Anonymous Read/Write Memory: Leader Election and De-anonymization

Abstract

Anonymity has mostly been studied in the context where processes have no identity. A new notion of anonymity was recently introduced at PODC 2017, namely, this notion considers that the processes have distinct identities but disagree on the names of the read/write registers that define the shared memory. As an example, a register named A by a process p and a shared register named B by another process q may correspond to the very same register X, while the same name C may correspond to different registers for p and q.

Recently, a memory-anonymous deadlock-free mutual exclusion algorithm has been proposed by some of the authors. This article addresses two different problems, namely election and memory de-anonymization. Election consists of electing a single process as a leader that is known by every process. Considering the shared memory as an array of atomic read/write registers \( SM [1..m]\), memory de-anonymization consists in providing each process \(p_i\) with a mapping function \(\mathsf{{map}}_i()\) such that, for any two processes \(p_i\) and \(p_j\) and any integer \(x\in [1..m]\), \(\mathsf{{map}}_i(x)\) and \(\mathsf{{map}}_j(x)\) allow them to address the same register.

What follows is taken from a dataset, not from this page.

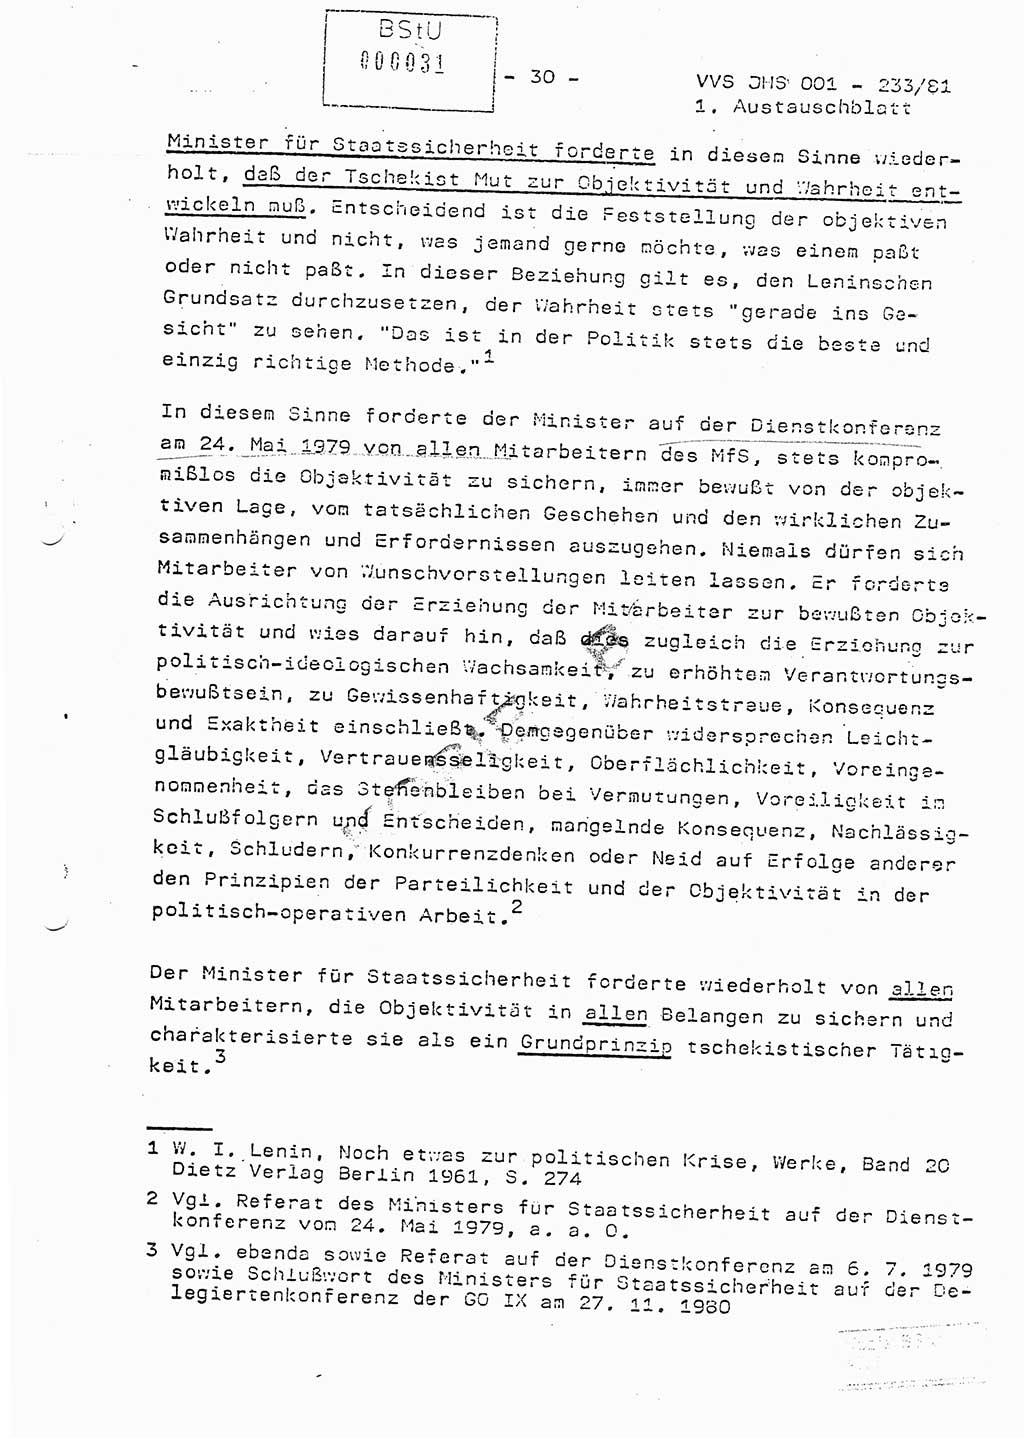 Dissertation Oberstleutnant Horst Zank (JHS), Oberstleutnant Dr. Karl-Heinz Knoblauch (JHS), Oberstleutnant Gustav-Adolf Kowalewski (HA Ⅸ), Oberstleutnant Wolfgang Plötner (HA Ⅸ), Ministerium für Staatssicherheit (MfS) [Deutsche Demokratische Republik (DDR)], Juristische Hochschule (JHS), Vertrauliche Verschlußsache (VVS) o001-233/81, Potsdam 1981, Blatt 31 (Diss. MfS DDR JHS VVS o001-233/81 1981, Bl. 31)

Let n be the number of processes and \(\alpha \) a positive integer. The article presents election and de-anonymization algorithms for \(m=\alpha ~ n +\beta \) registers, where \(\beta \) is equal to 1, \(n-1\), or belongs to a set denoted M(n) (which characterizes the values for which mutual exclusion can be solved despite anonymity). The de-anonymization algorithms are based on the use of election algorithms. The article also shows that the size of the permanent control information that, due to de-anonymization, a register must save forever, can be reduced to a single bit.